A library in PyPi  still requires installing it, which undermine many of the benefits. It won't help me with my gist/activestate recipe, code that I send to a friend, etc. I want to lower the barrier of inexperienced users.

As a documentation of dependencies it will suffice indeed.


On Mon, Sep 19, 2016 at 7:38 PM Ethan Furman <ethan@stoneleaf.us> wrote:
On 09/19/2016 09:25 AM, אלעזר wrote:

> Many proposals to add something to stdlib are rejected here with the suggestion to add such library to pypi first. As noted by someone, pypi is not as reachable as stdlib, and one should install that package first, which many people don't know how. Additionally, there is no natural distinction between 3rd party dependencies and in-project imports (at least in tiny projects).
> This can be made easier if the first line of the program will declare the required library, and executing it will try to download and install that library if it is not installed yet.
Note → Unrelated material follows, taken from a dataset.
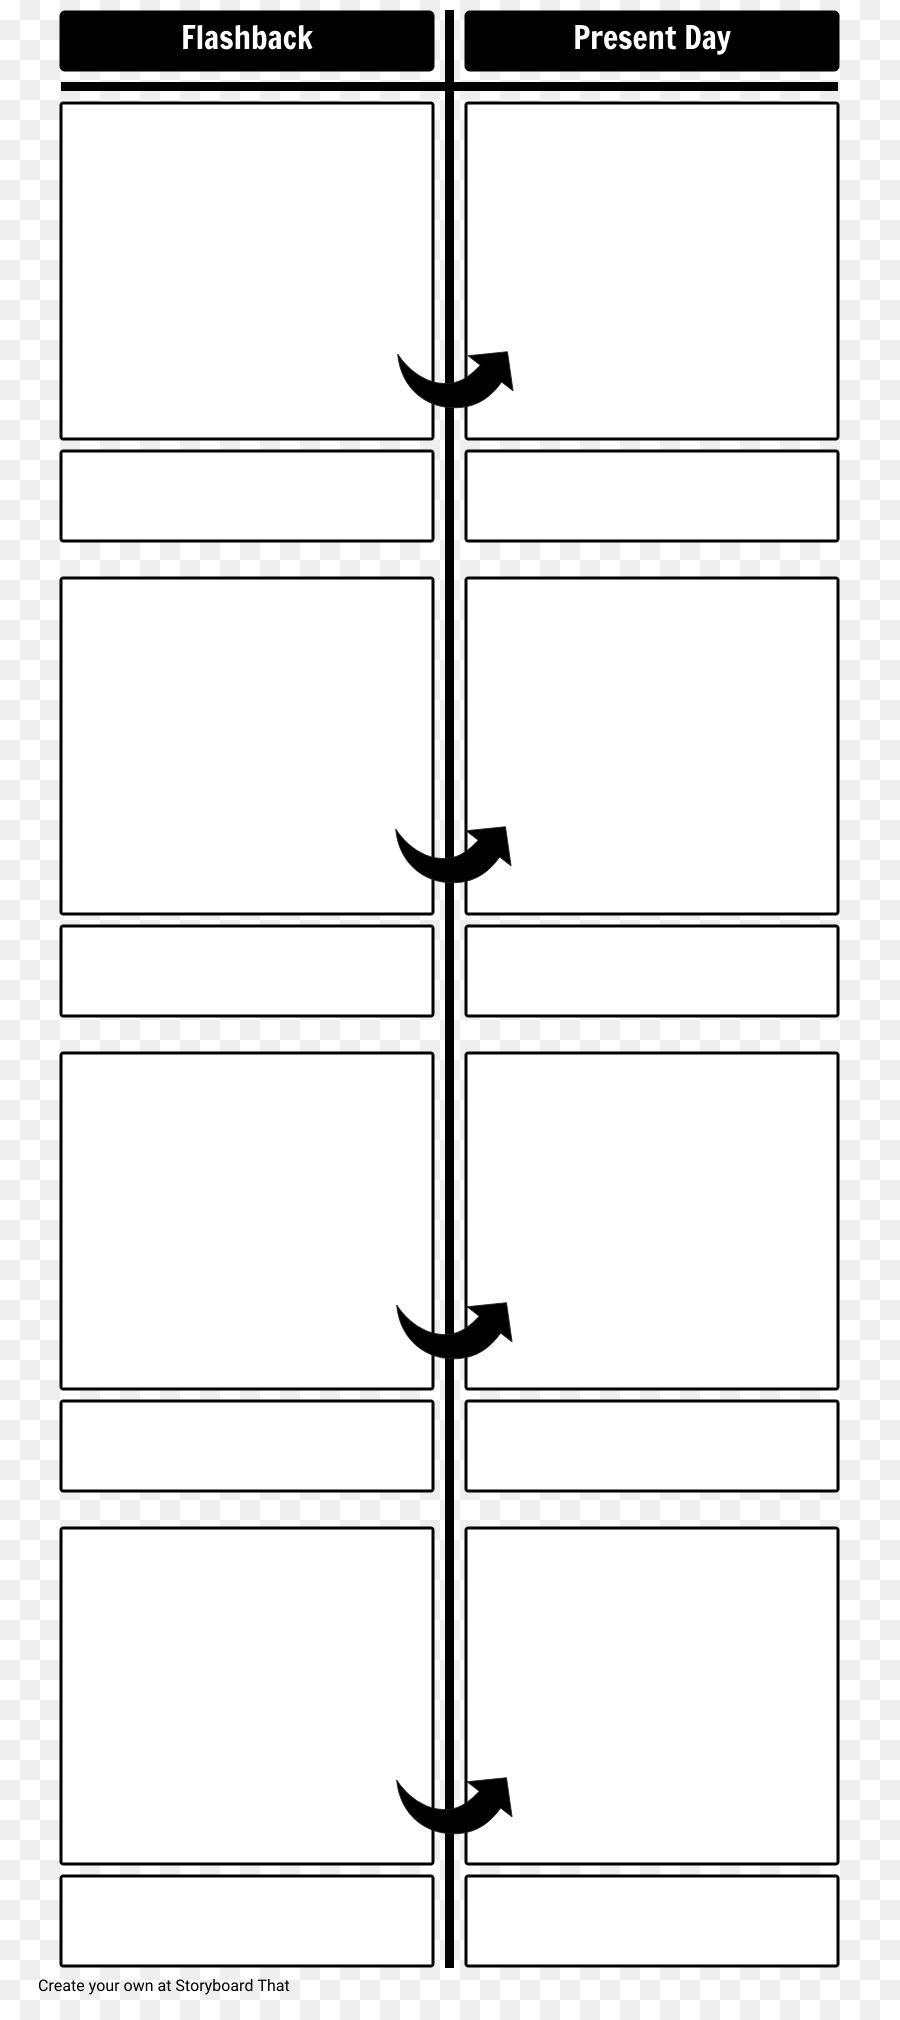 Narrative Structure Plot Literature Flashback Png Download 843

Additionally, the 3rd party dependencies will be more explicit, and editors can then allow you to search for them as you type.
> Of course it is *not* an alternative for real dependency management, but it will ease the burden on small scripts and tiny projects - which today simply break with errors that many users does not understand, instead of simply asking permission to install the dependency.

This should start out as a library on PyPI.  (Sorry, couldn't resist. ;)

Actually, it should.  Perhaps a name of "import_pip" would make sense?  Any hurdles faced by this library would be (mostly) the same as a stdlib version.